To explain the diversity of AGNs (e.g., narrow-lines vs. broad-lines), a unified model, based on the variation of obscuration due to the orientation of the dust torus surrounding the SMBH accretion disk, has been proposed. In such model, the presence of an edge-on dust torus not only blocks the broad-line emissions, but also increases the absorption in soft X-ray because of the higher hydrogen column density (Antonucci 1993).

In addition, for on-going galaxy mergers, the star formation trigger the additional amount of neutral hydrogen formation, absorbing soft X-ray (e.g., Esquej et al. 2012).

Indeed, using the Extended Chandra Deep Field-South (ECDF-S) dataset, Treister et al.

(2009) observed large obscuration of the soft X-ray emission in star-forming galaxies hosting an AGN at high redshifts, revealing a large amount of neutral hydrogen on the line-of-sight.

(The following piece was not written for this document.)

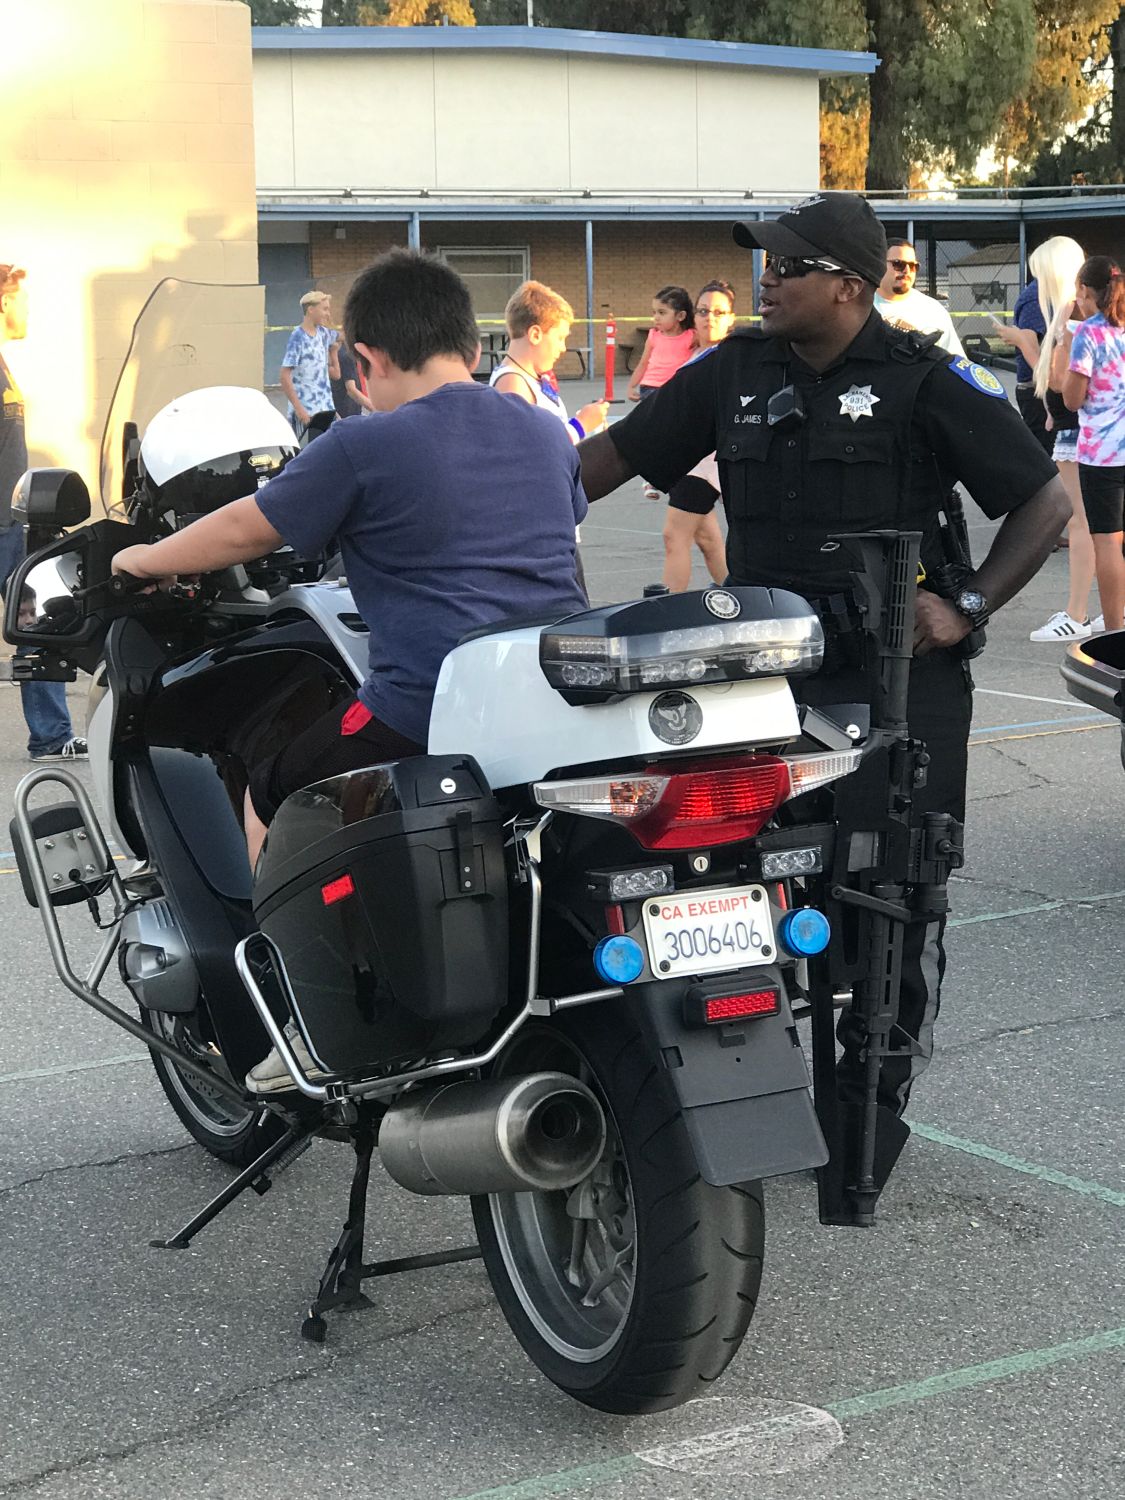 A photo of a traffic officer letting a child sit on his parked police motorcycle at a school event.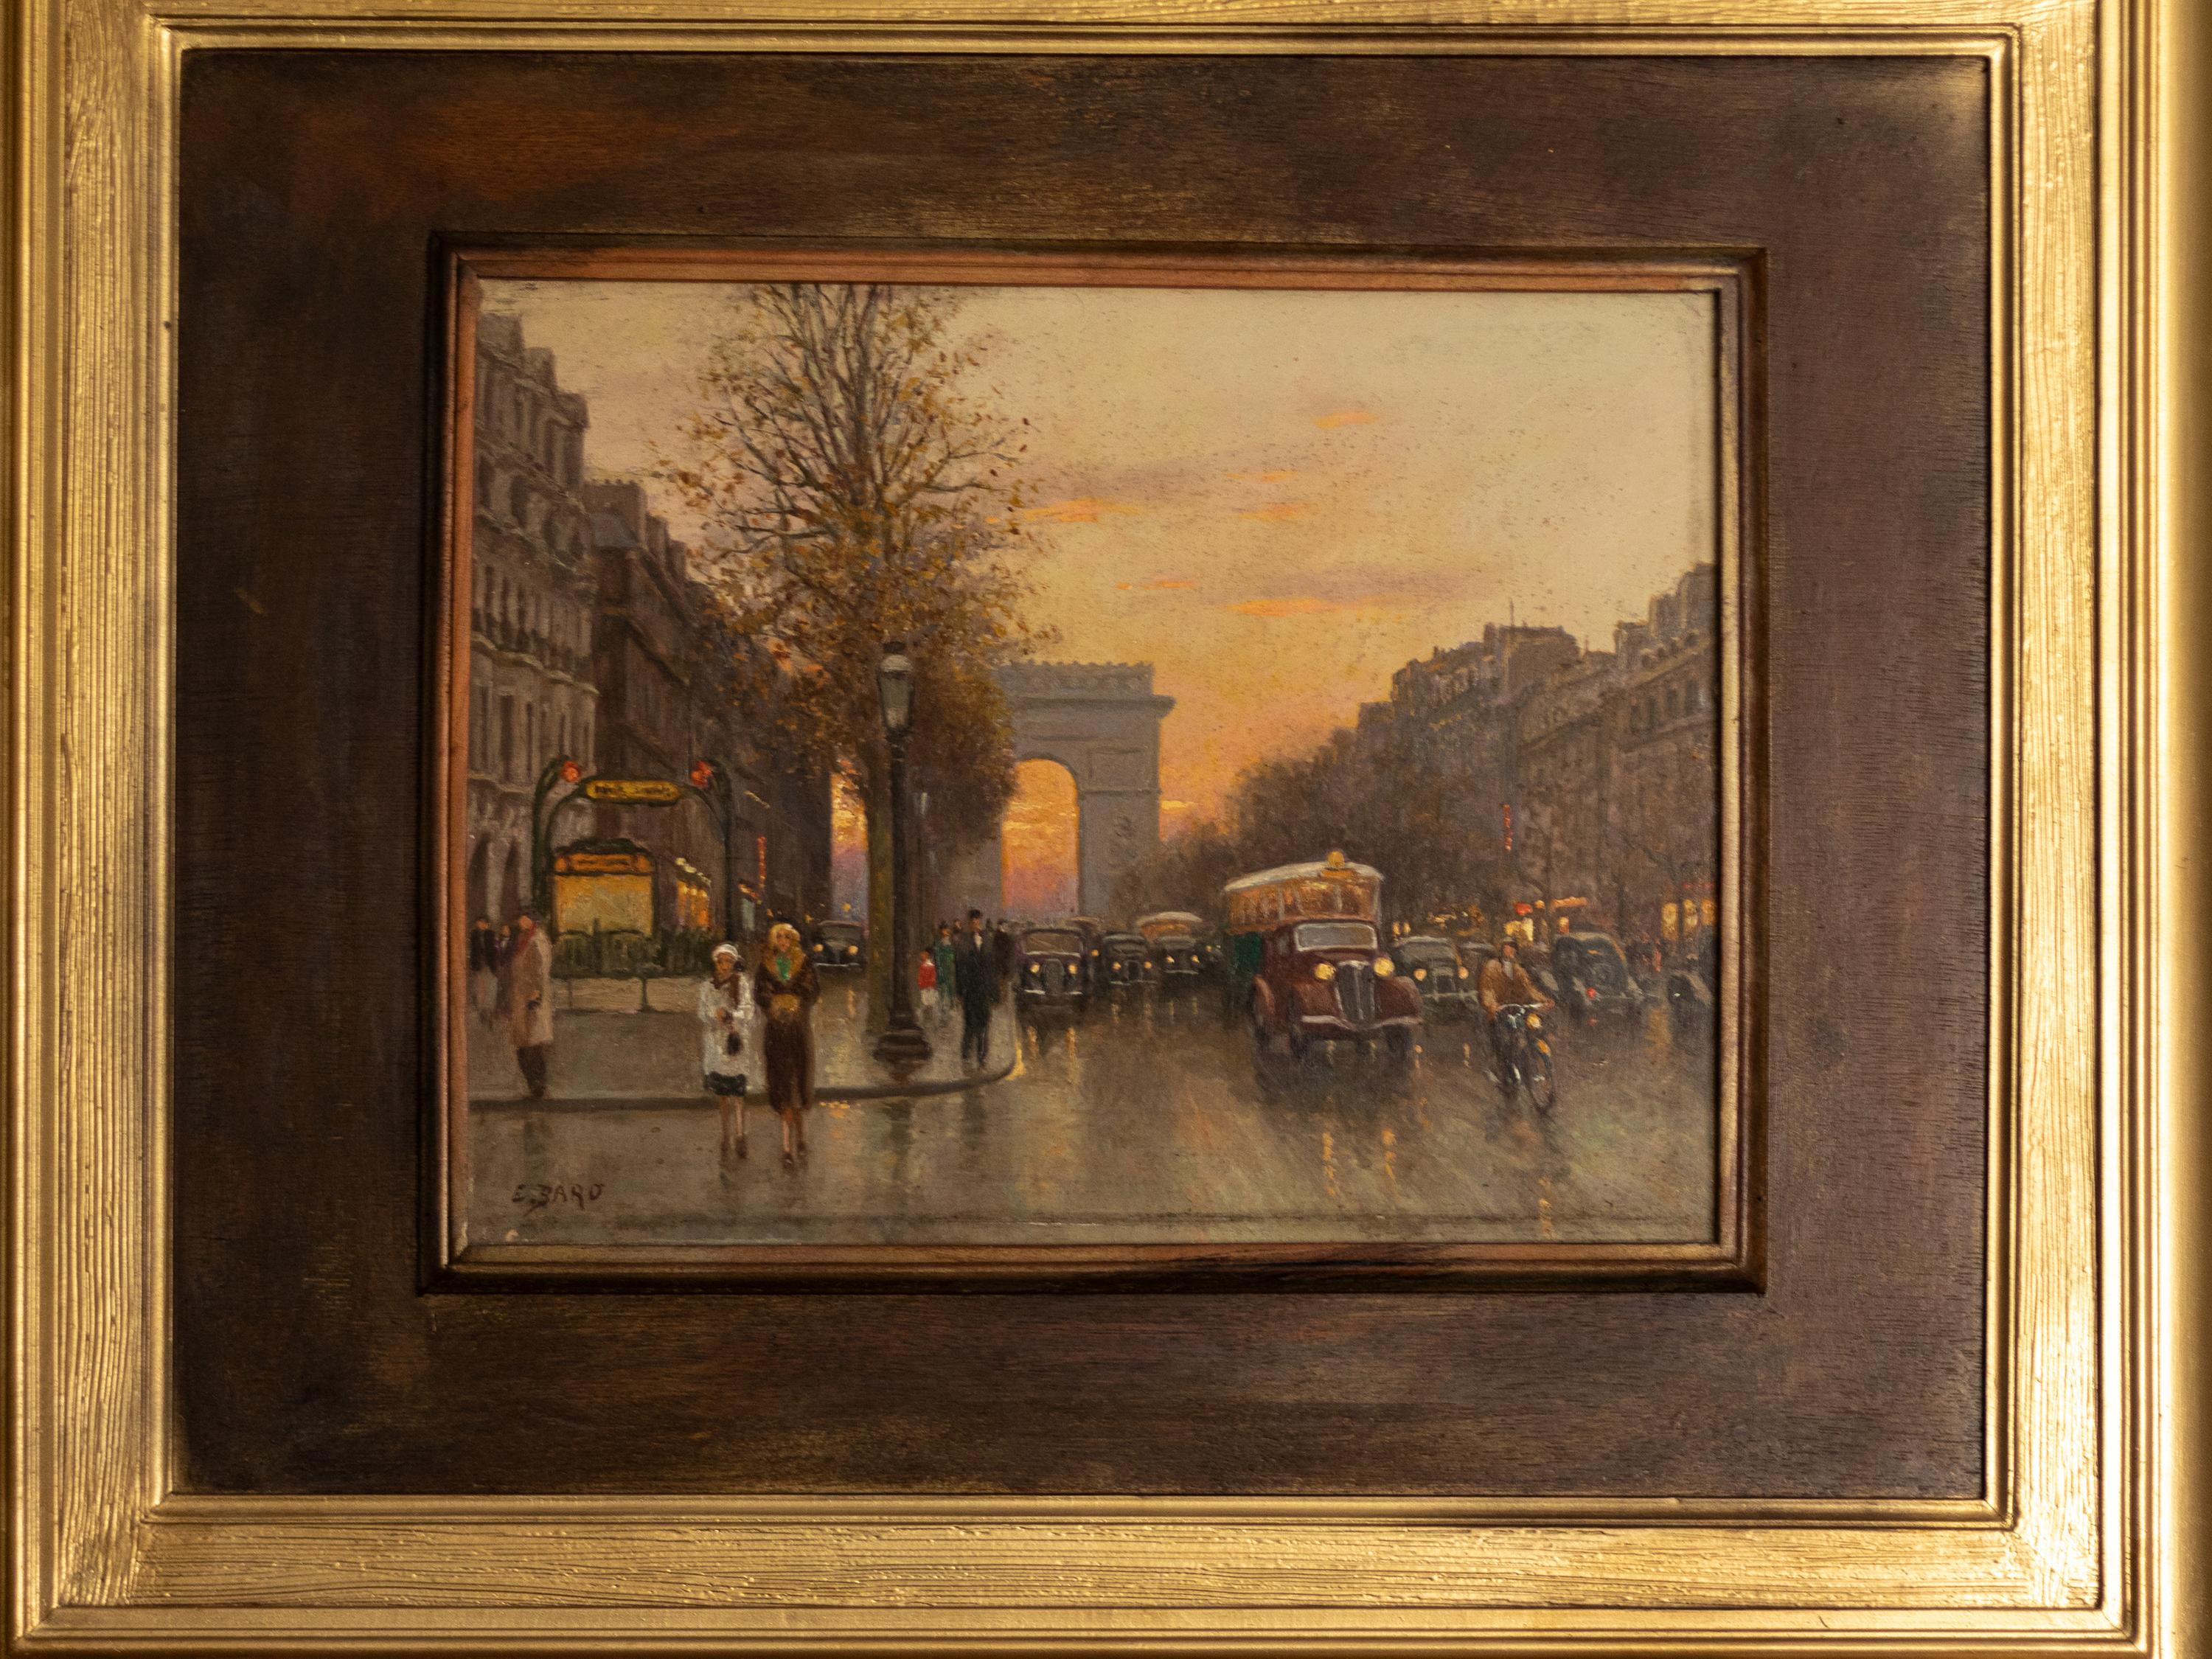 An exquisite 1930s oil painting signed

Our aim is investigating if there is a direct connection between the obscuration properties of the AGN and those of the host galaxy. As absorption affects the soft X-ray emissions more than the hard X-ray emissions, the HR is a good tracer of obscuration, with higher value of HR corresponding to larger absorption. To test whether our two samples, X-ray selected galaxies and 70µm/X-ray galaxies, are consistent with being drawn from the same sample (i.e. our null hypothesis), we apply Kolmogorov-Smirnov (K-S) test (Numerical Recipes, Press et al. 1992).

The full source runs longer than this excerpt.